- 使用SQL server的pivot运算符创建交叉报表
- 使用SQLserver的unpivot运算符反转置交叉表报表
- 使用oracle的model子句转换结果集
- 从不固定位置提取字符串的元素
- 求一年包含的天数(oracle的另一种解决方案)
- 搜索字母数字混合的字符串
- 使用oracle把整数转换为二进制数
- 转置已分等级的结果集
- 给两次转置的结果集增加列头
- 在oracle中把标量子查询转化为复合子查询
- 把连续数据分解为行
- 计算相对于总数的百分比
- 从oracle创建csv格式输出
- 找到与模式不匹配的文本(oracle)
- 使用内联视图转换数据
- 测试一个组内是否存在某个值
1.使用SQL server的pivot运算符创建交叉报表
sqlserver:
select [10] as dept_10,
[20] as dept_20,
[30] as dept_30,
[40] as dept_40
from (
select deptno,empno from emp
) driver pivot (
count(driver.empno) for driver.deptno
in ([10],[20],[30],[40])
) as empPivot;
Note:这是sqlserver独有的运算符,第一次遇到,从来没用过
2.使用SQLserver的unpivot运算符反转置交叉表报表
Note:补充一个概念:胖表和瘦表。胖表是一张表中包含超过30个字段,这张表叫胖表。

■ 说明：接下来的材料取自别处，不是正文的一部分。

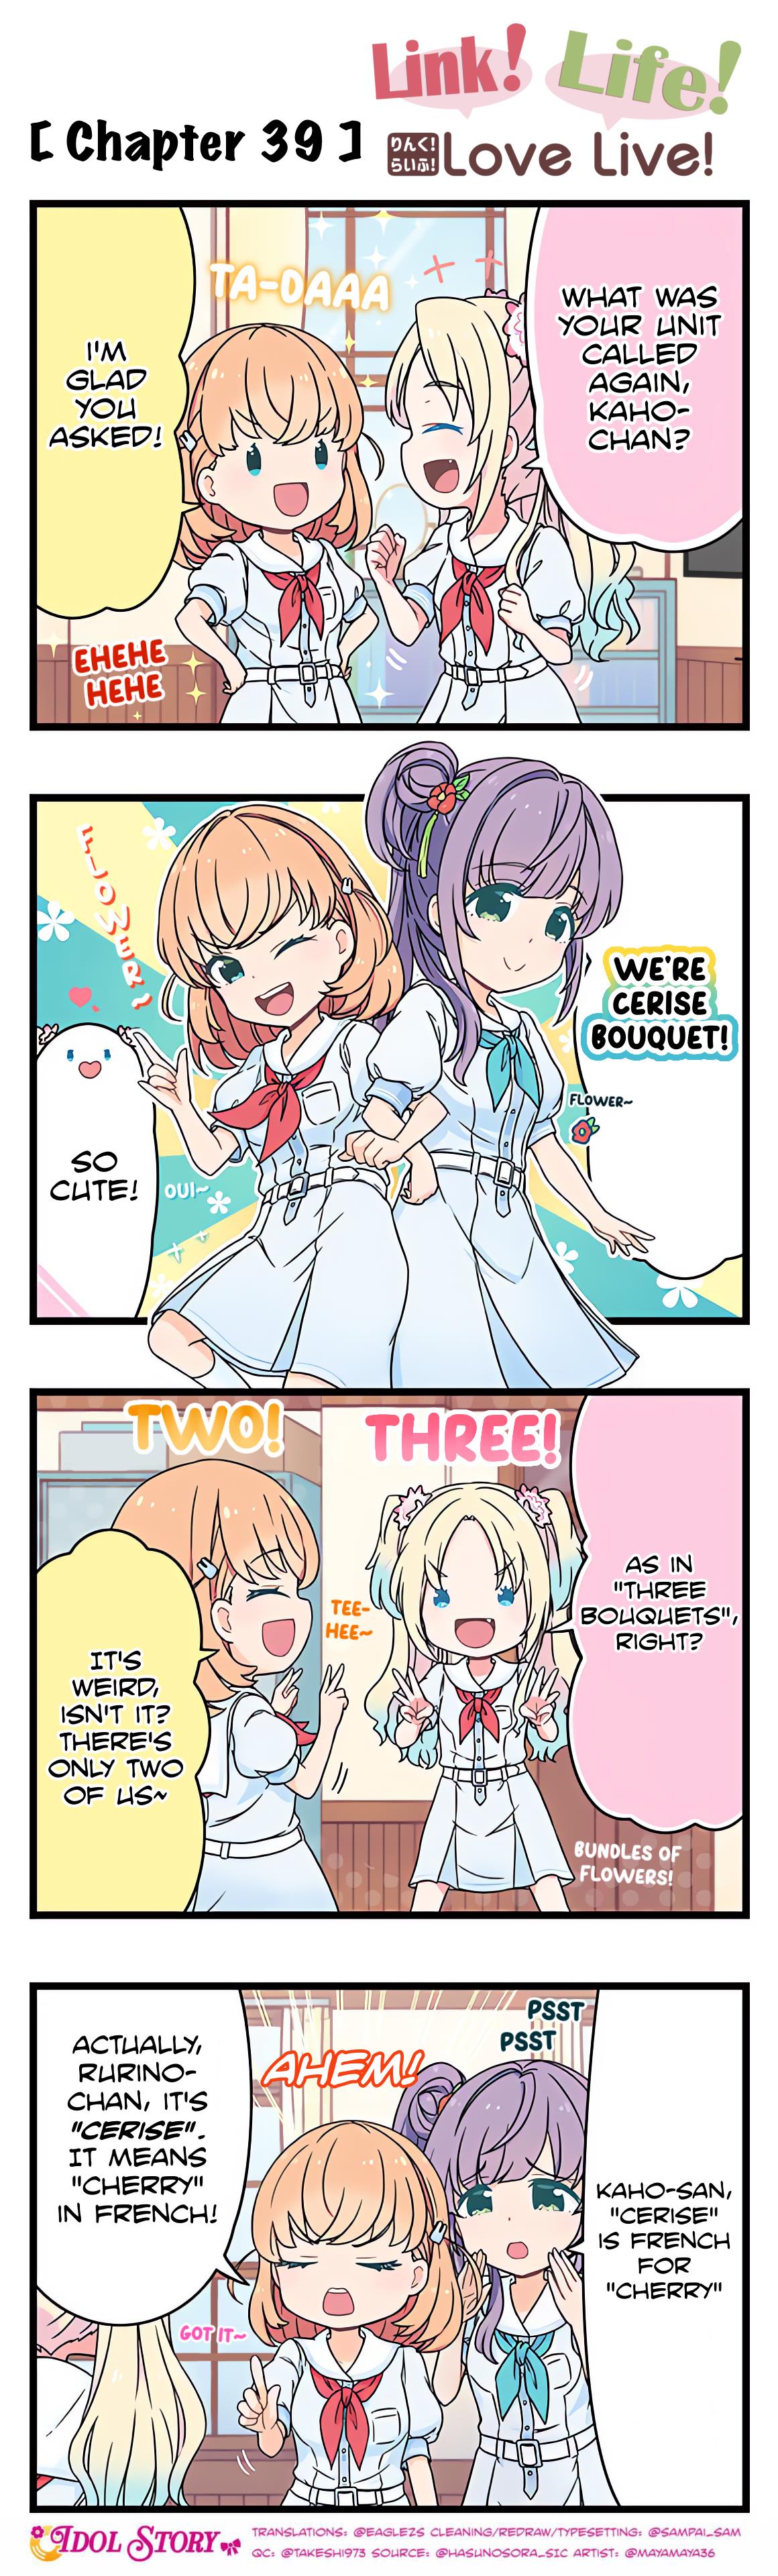 Link! Life! Love Live! Chapter 39 #1

一张表中包含的字段数少于10个,称这张表为瘦表。还有一种说法,包含转置的结果集也被称为胖表。
sqlserver:
select dname,cnt from (
select [accounting] as accounting,
[sales] as sales,
[research] as research,
[operations] as operations
from (
select d.dname,e.empno from emp e,dept d
where e.deptno=d.deptno
) driver pivot (
count(driver.empno) for driver.dname
in ([accounting],[sales],[research],[operations])
) as empPivot
) new_driver unpivot (
cnt for dname in (accounting,sales,research,operations)
) as un_pivot;
Note:这个是基于上一个案例的逆操作,没用过
3.使用oracle的model子句转换结果集
oracle:
select max(d10) d10,max(d20) d20,max(d30) d30 from (
select d10,d20,d30 from (
select deptno,count(*) cnt from emp group by deptno
) model dimension by (deptno d)
measures(deptno,cnt d10,cnt d20,cnt d30) rules (
d10[any]=case when deptno[cv()]=10 then d10[cv()] else 0 end,
d20[any]=case when deptno[cv()]=20 then d20[cv()] else 0 end,
d30[any]=case when deptno[cv()]=30 then d30[cv()] else 0 end
)
);
Note:这个属于oracle特有的操作,没用过
4.从不固定位置提取字符串的元素
oracle:
select substr(msg,
instr(msg,'[',1,1)+1,
instr(msg,']',1,1)-instr(msg,'[',1,1)-1)
val
from v;
Note:从指定的[]中提取内部值,多个[]也可以
5.求一年包含的天数(oracle的另一种解决方案)
oracle:
select 'Days in 2018:'||to_char(add_months(trunc(sysdate,'y'),12)-1,'DDD')
as report
from dual;
Note:这个是获取当前年的天数,当然也可以做额外处理
6.搜索字母数字混合的字符串
select strings,translate(strings,
'abcdefghijklmnopqrstuvwxyz1234567890',
rpad('#',26,'#')||rpad('*',10,'*')
) translated
from v where instr(translated,'#')>0 and instr(translated,'*')>0;
Note:将数字和字符分别替换成不同值,然后再进行观察
7.使用oracle把整数转换为二进制数
oracle:
select ename,sal,(
select bin from dual model by (0 attr)
measures(sal num,cast(null as vatchr2(30)) bin,'0123456789ABCDEF' hex)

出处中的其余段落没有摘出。